WHAT IS BEING ASKED: Use the entries below and reproduce exactly the lines from the one containing "Torco - V-series" down to the one containing "B-Sensible 2 in", both of them included.

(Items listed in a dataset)
=======
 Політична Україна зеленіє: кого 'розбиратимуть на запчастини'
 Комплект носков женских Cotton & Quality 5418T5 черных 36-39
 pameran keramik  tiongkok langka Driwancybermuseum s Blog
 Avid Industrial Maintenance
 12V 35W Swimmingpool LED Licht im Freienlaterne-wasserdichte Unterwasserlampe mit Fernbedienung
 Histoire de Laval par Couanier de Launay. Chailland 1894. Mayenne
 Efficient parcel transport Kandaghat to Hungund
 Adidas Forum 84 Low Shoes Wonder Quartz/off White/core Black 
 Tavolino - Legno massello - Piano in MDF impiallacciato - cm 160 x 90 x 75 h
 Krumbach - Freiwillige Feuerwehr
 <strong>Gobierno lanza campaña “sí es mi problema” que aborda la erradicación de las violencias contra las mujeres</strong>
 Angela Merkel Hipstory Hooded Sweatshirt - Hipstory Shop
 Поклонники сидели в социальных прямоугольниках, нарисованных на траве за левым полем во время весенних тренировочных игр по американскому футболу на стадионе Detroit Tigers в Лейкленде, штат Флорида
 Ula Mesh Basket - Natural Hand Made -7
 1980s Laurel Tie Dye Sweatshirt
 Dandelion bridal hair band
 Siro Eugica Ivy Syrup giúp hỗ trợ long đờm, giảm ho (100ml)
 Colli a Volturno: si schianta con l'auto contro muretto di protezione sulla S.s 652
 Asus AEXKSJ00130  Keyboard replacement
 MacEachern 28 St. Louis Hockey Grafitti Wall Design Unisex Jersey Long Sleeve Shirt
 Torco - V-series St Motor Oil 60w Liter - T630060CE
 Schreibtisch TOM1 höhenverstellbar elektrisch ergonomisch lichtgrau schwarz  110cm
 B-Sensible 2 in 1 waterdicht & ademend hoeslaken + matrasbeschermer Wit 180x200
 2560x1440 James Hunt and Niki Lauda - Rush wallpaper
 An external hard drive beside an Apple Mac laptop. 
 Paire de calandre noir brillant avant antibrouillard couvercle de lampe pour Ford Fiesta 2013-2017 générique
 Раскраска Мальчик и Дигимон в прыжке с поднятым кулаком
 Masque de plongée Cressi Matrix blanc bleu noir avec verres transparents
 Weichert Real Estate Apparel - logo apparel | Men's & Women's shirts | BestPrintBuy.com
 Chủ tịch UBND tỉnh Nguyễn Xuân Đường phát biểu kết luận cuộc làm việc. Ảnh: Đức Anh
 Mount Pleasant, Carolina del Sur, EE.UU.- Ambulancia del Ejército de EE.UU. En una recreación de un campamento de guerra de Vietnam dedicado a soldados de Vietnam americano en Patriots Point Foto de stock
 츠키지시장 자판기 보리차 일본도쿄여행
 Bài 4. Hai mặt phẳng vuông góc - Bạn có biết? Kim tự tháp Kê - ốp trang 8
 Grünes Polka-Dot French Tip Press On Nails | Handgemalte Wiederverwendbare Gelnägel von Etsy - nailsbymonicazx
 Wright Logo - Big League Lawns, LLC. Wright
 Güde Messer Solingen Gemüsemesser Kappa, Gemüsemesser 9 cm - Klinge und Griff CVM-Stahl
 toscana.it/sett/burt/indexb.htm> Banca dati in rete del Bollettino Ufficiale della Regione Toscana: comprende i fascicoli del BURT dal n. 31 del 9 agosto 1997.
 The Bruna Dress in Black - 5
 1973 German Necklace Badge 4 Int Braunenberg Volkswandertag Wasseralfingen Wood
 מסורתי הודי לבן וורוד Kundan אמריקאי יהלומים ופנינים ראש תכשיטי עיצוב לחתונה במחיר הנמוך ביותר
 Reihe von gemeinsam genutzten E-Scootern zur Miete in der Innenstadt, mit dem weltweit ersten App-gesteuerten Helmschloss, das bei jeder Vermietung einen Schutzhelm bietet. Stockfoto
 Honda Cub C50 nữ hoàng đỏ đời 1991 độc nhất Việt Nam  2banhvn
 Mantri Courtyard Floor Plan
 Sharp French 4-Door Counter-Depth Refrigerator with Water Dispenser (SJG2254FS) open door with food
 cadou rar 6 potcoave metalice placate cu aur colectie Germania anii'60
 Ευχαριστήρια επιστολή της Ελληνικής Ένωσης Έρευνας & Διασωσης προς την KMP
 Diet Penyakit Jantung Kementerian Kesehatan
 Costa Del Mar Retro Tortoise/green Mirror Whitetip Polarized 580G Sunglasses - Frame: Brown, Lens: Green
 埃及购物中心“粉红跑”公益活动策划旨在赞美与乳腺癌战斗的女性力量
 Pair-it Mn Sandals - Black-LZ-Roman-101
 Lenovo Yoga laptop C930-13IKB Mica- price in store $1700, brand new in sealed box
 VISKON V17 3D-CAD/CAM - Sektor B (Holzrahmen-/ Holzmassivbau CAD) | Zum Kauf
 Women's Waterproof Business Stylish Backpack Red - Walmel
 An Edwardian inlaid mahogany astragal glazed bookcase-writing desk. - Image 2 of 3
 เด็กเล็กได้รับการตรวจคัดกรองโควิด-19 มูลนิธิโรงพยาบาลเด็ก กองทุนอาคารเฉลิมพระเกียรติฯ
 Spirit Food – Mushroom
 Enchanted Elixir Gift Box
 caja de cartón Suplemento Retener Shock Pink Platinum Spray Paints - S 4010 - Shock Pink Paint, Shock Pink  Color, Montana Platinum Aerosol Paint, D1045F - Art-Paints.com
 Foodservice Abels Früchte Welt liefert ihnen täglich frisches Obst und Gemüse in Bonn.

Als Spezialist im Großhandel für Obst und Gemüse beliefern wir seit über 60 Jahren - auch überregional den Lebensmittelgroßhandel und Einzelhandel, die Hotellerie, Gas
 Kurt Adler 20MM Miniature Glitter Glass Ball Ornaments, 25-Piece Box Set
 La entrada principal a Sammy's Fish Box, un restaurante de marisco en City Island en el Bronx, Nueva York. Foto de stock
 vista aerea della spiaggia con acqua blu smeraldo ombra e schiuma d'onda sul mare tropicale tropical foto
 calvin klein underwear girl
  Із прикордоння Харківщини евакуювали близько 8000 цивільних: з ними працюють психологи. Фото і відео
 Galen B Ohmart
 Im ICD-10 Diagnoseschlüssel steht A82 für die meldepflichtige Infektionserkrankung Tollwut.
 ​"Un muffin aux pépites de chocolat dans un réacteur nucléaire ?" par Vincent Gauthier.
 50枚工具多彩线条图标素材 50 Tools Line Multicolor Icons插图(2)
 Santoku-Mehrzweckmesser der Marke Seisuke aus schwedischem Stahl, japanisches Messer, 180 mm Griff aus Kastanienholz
=======
OUTPUT FOR THIS EXERCISE:
 Torco - V-series St Motor Oil 60w Liter - T630060CE
 Schreibtisch TOM1 höhenverstellbar elektrisch ergonomisch lichtgrau schwarz  110cm
 B-Sensible 2 in 1 waterdicht & ademend hoeslaken + matrasbeschermer Wit 180x200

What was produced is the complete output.